#### Stored data
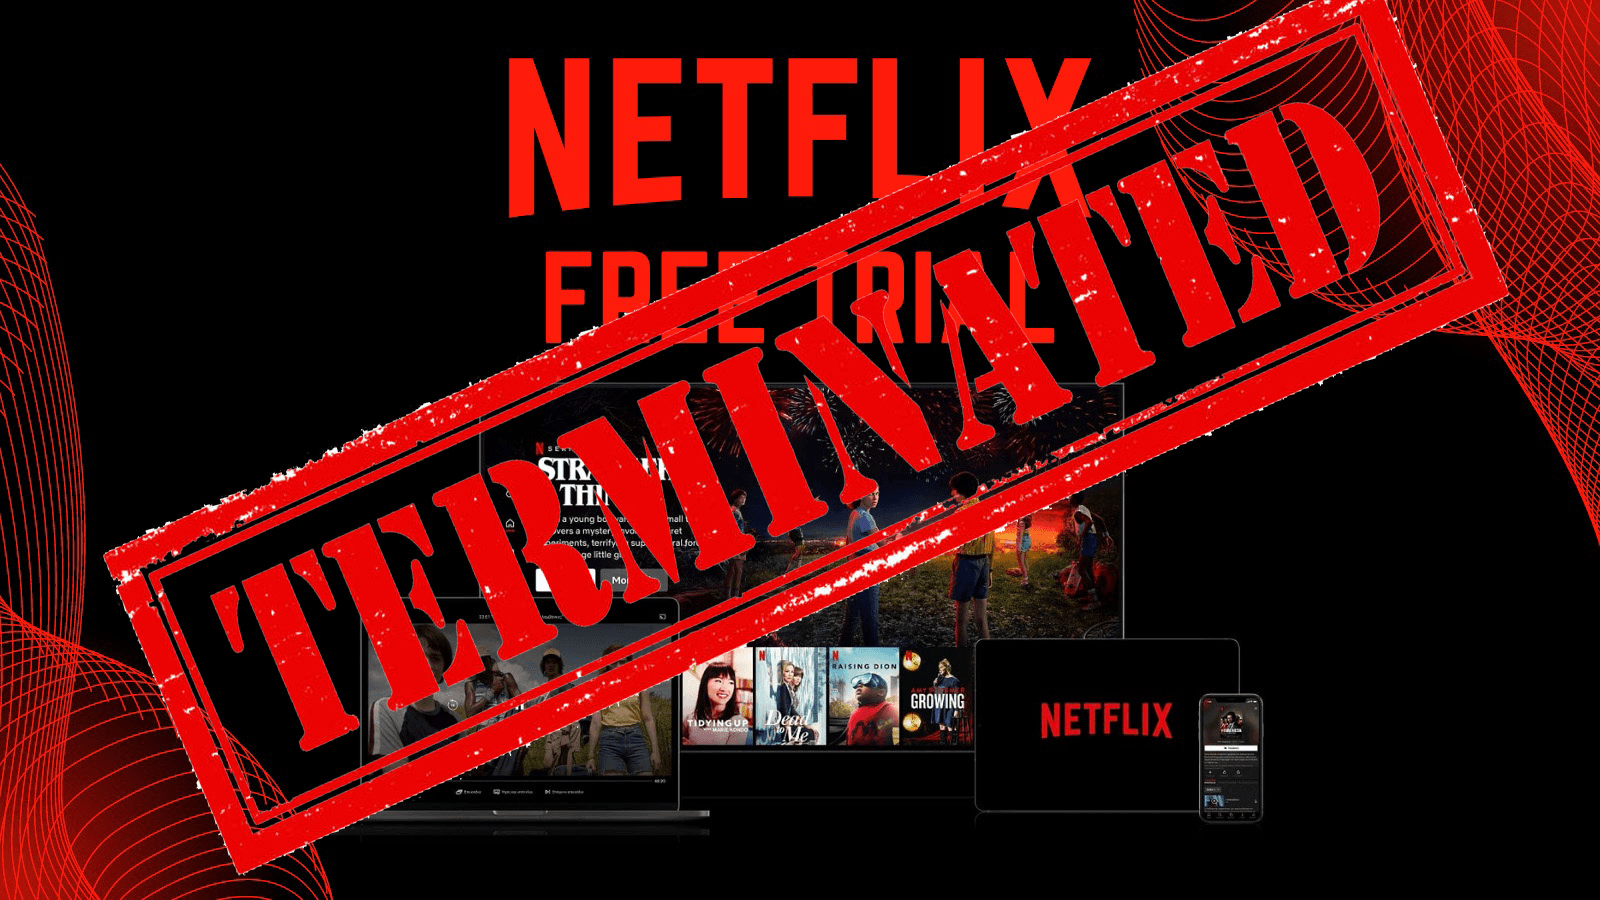 There is no Netflix free trial anymore
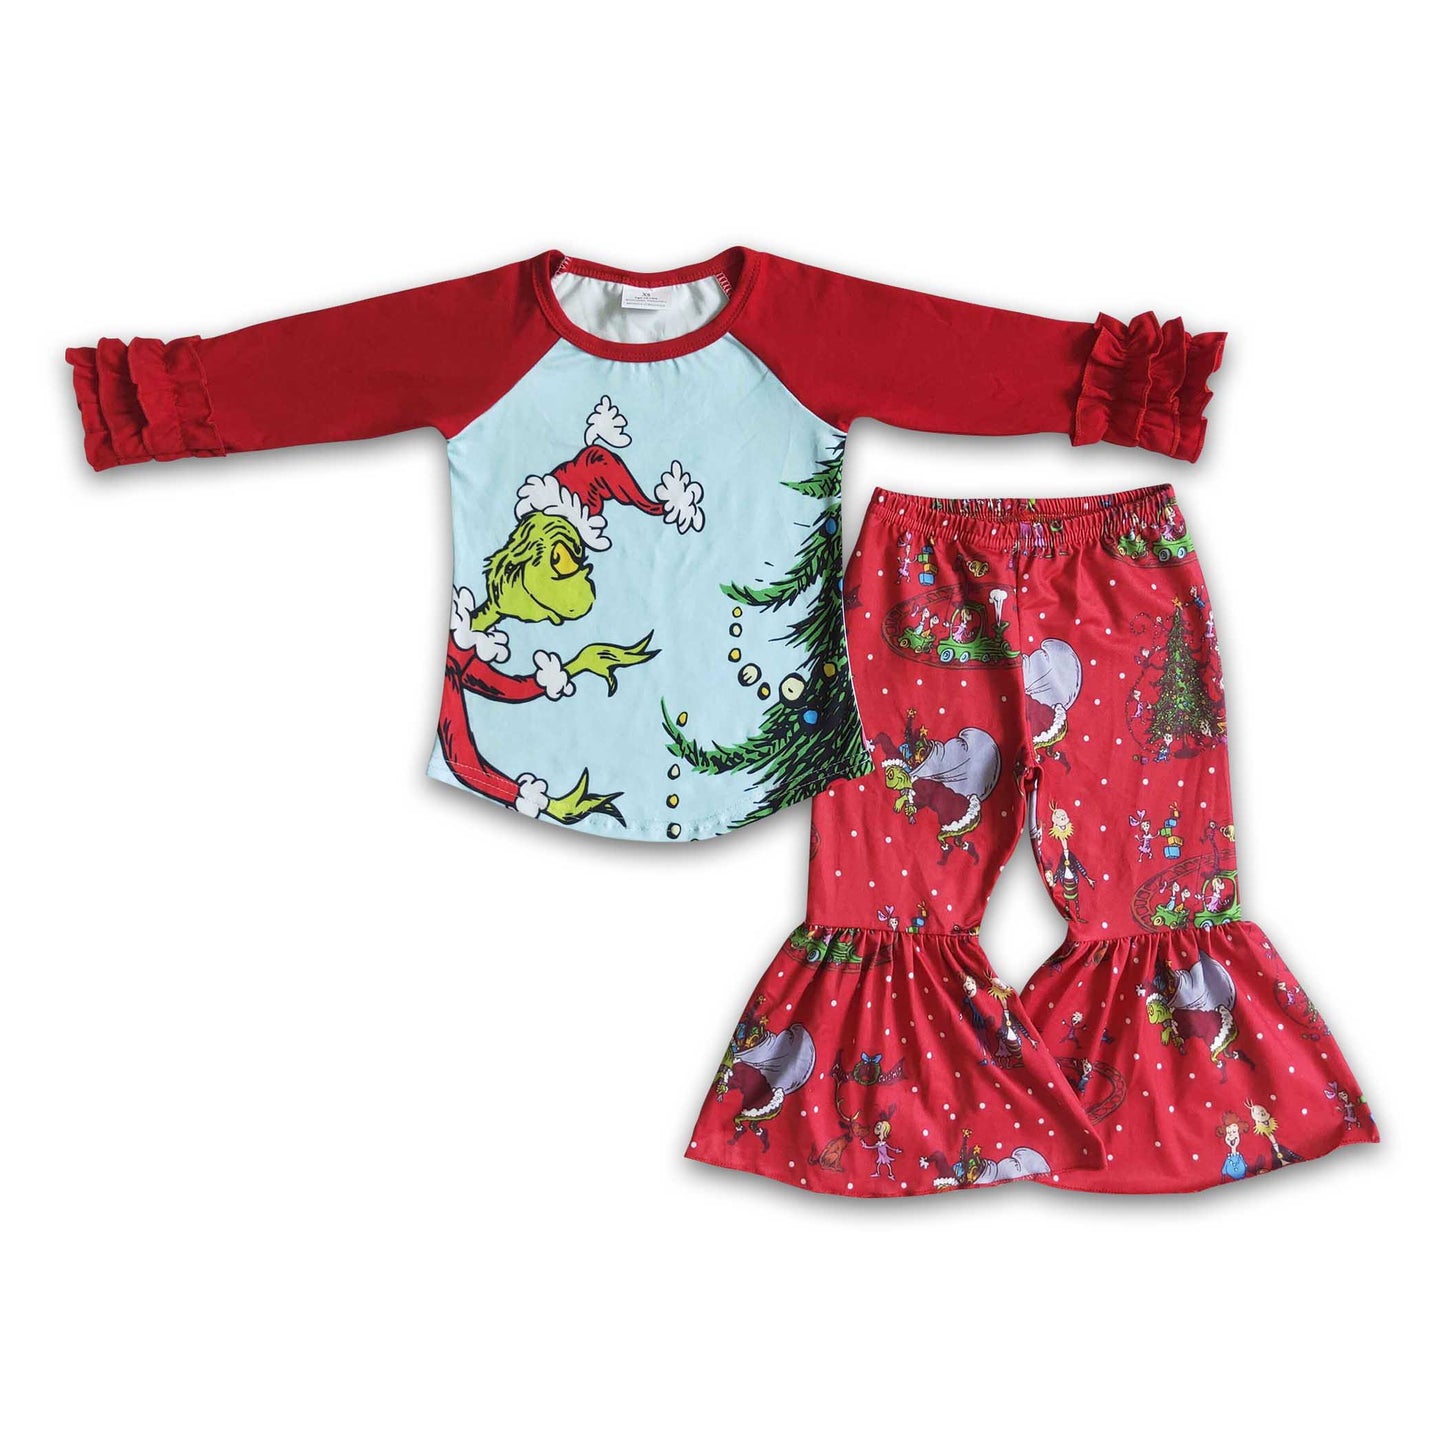 Cute green face print baby kids Christmas clothing
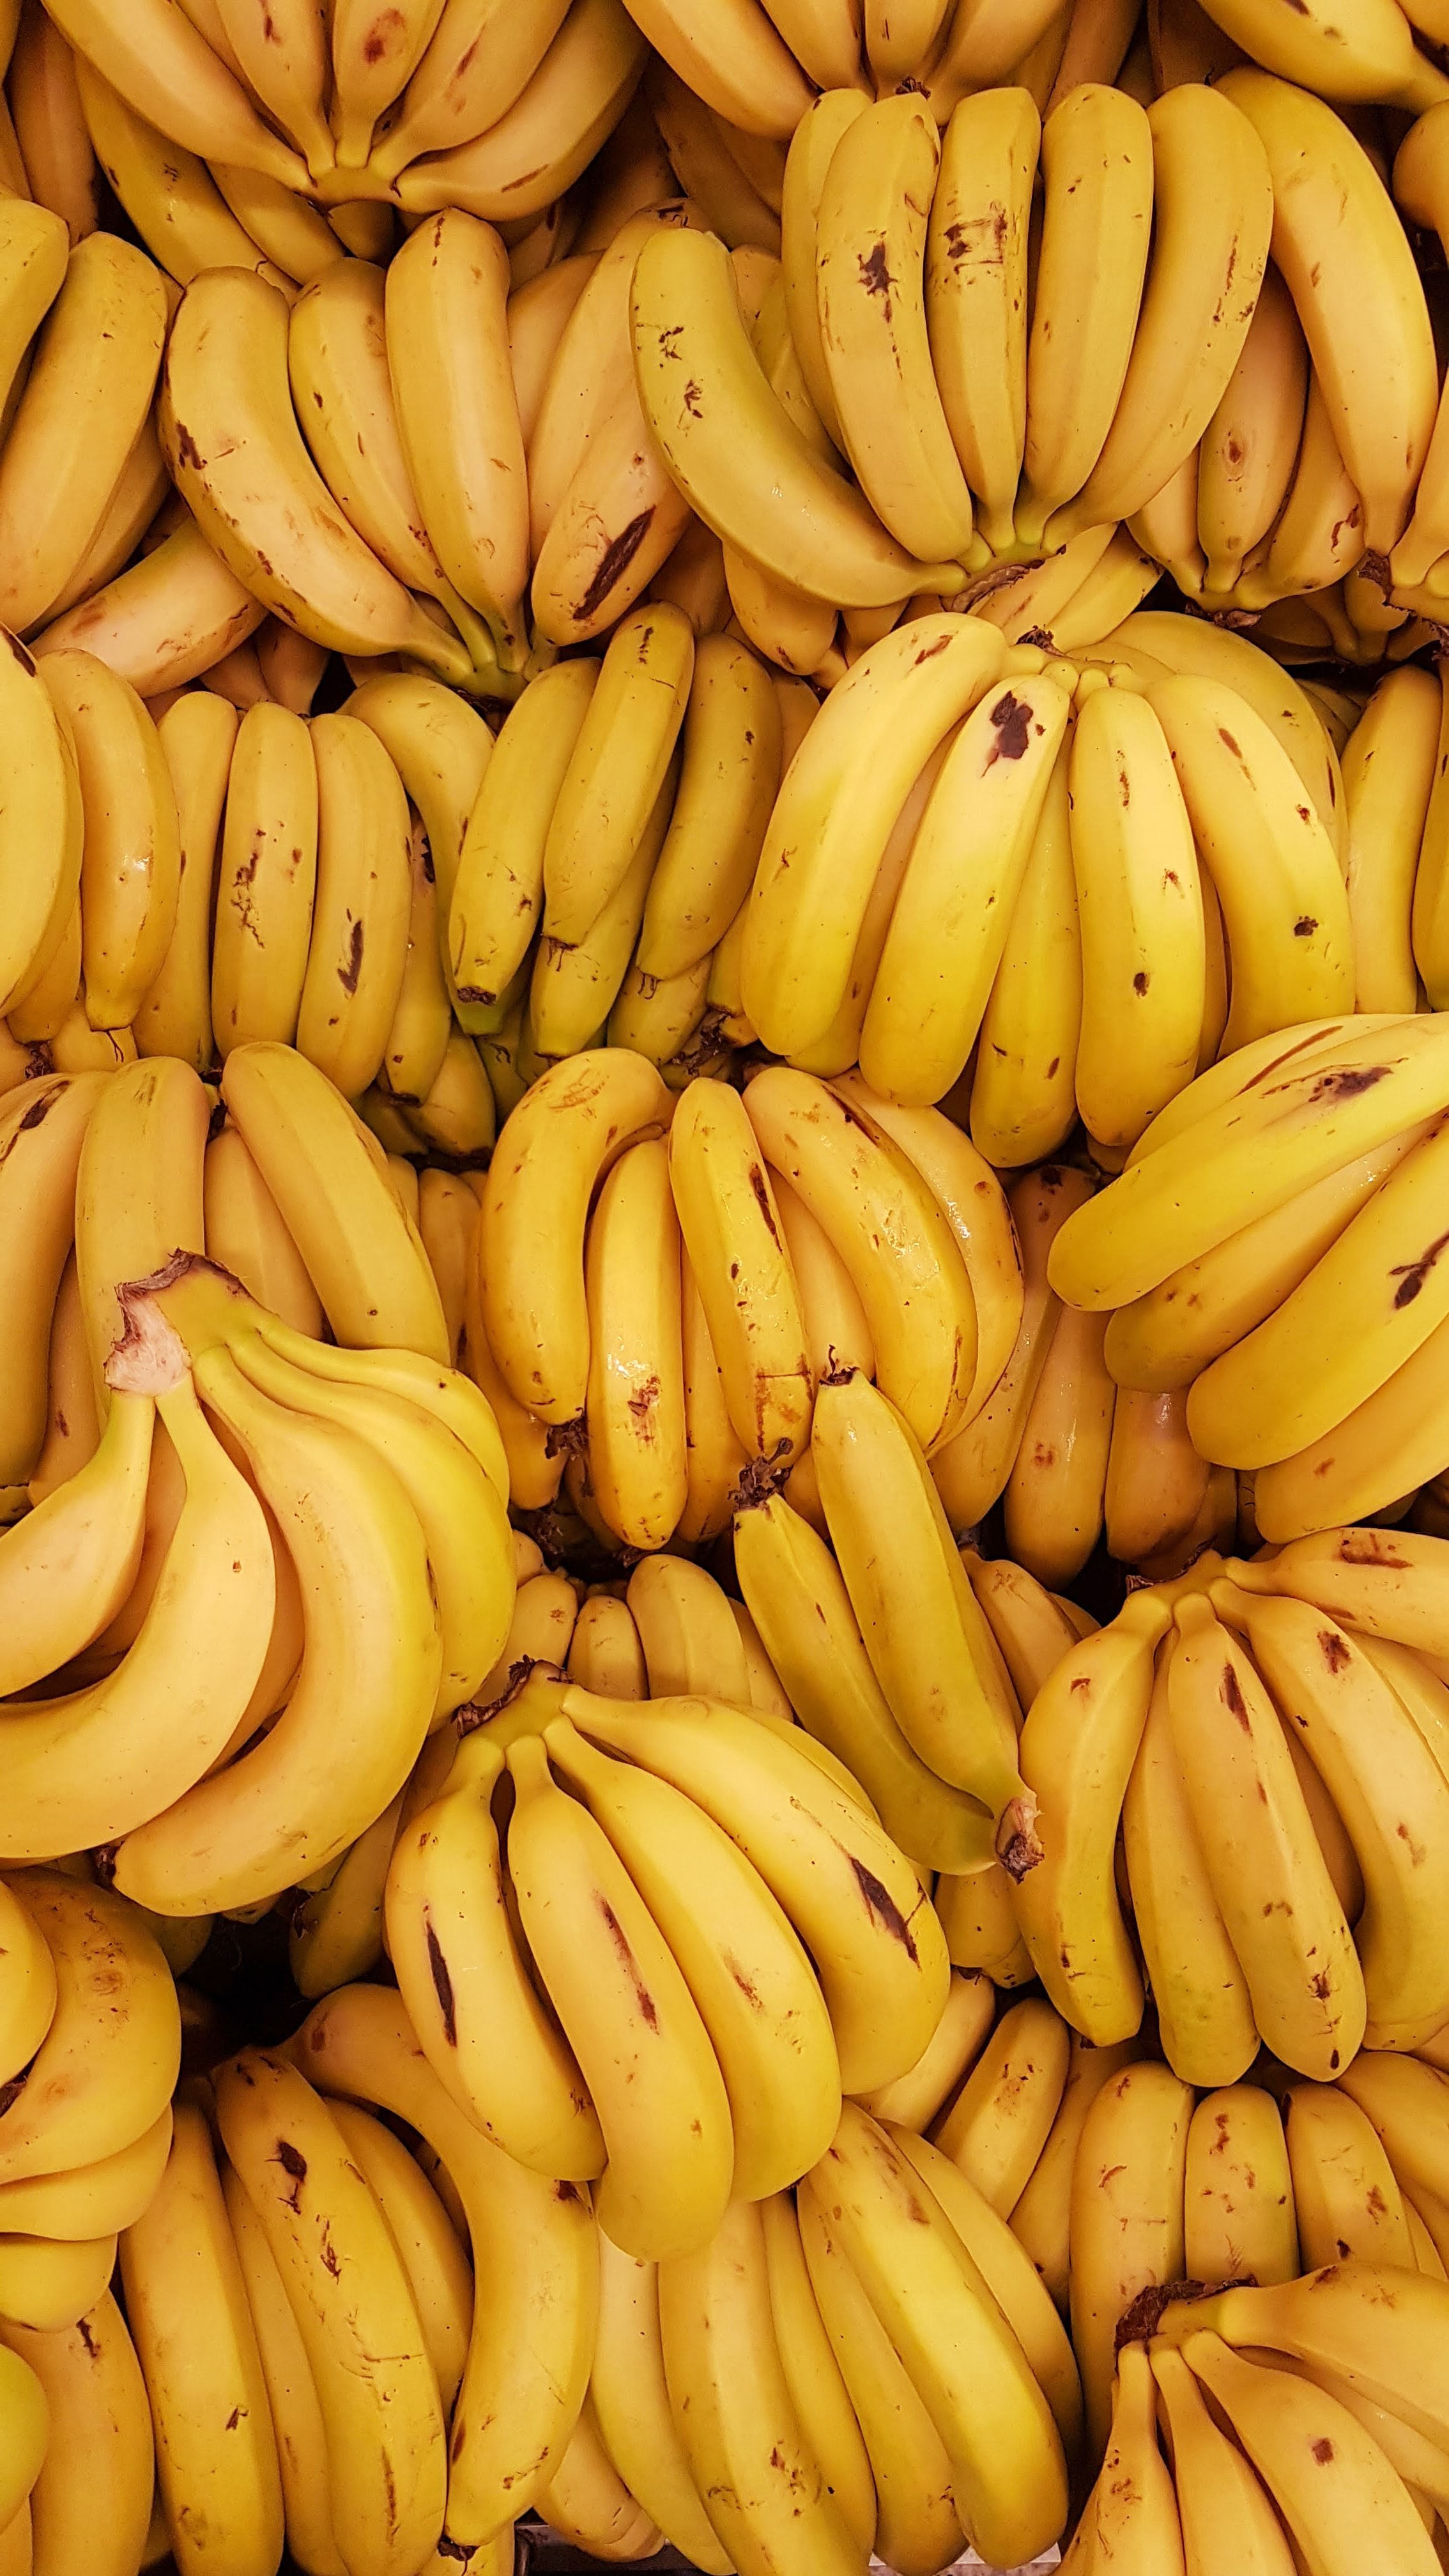 android bunches, fruits, food, bananas, yellow, clusters

#### Task description
Leave the pictures out and output the rest of the data word for word.

#### Reply to the task
 There is no Netflix free trial anymore
 Cute green face print baby kids Christmas clothing
 android bunches, fruits, food, bananas, yellow, clusters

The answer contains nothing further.